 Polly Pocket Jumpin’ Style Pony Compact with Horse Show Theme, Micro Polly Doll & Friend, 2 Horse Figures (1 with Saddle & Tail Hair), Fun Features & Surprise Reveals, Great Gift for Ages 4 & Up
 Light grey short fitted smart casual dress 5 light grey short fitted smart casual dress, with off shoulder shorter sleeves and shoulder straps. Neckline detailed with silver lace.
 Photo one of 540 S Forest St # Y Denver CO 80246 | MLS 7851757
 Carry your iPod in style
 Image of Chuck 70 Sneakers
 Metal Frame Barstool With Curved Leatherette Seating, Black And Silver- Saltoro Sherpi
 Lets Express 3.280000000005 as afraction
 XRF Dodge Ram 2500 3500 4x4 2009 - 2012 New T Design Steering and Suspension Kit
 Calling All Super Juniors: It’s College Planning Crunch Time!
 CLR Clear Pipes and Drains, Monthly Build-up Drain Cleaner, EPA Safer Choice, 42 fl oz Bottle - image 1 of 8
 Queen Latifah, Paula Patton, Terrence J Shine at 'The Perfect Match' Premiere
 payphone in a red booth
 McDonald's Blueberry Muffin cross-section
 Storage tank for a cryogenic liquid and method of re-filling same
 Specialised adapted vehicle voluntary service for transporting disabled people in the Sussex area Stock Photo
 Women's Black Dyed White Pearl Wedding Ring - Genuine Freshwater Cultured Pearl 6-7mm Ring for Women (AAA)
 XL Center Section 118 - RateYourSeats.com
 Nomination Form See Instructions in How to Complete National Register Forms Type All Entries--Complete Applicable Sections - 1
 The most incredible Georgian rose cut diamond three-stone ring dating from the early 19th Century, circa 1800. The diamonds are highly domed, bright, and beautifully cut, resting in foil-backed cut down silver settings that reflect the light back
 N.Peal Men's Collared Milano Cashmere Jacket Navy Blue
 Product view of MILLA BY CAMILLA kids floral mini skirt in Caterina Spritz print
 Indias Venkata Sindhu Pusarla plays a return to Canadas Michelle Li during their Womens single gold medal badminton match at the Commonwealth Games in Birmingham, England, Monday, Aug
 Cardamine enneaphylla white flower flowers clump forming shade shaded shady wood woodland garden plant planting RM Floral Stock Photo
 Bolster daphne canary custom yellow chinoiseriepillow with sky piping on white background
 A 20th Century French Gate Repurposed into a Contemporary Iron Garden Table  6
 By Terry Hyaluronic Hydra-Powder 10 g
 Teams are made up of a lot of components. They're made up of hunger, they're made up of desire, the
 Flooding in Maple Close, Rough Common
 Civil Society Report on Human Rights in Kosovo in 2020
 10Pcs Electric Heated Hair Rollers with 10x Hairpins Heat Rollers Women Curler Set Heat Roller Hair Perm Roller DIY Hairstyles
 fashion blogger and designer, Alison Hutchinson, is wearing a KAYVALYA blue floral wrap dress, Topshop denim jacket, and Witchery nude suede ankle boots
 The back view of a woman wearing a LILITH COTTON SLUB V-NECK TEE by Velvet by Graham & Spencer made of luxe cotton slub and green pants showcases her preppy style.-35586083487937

==*==

_What you have to do_:
When a line above contains the string "wearing", copy that line.

_Output for this exercise_:
 fashion blogger and designer, Alison Hutchinson, is wearing a KAYVALYA blue floral wrap dress, Topshop denim jacket, and Witchery nude suede ankle boots
 The back view of a woman wearing a LILITH COTTON SLUB V-NECK TEE by Velvet by Graham & Spencer made of luxe cotton slub and green pants showcases her preppy style.-35586083487937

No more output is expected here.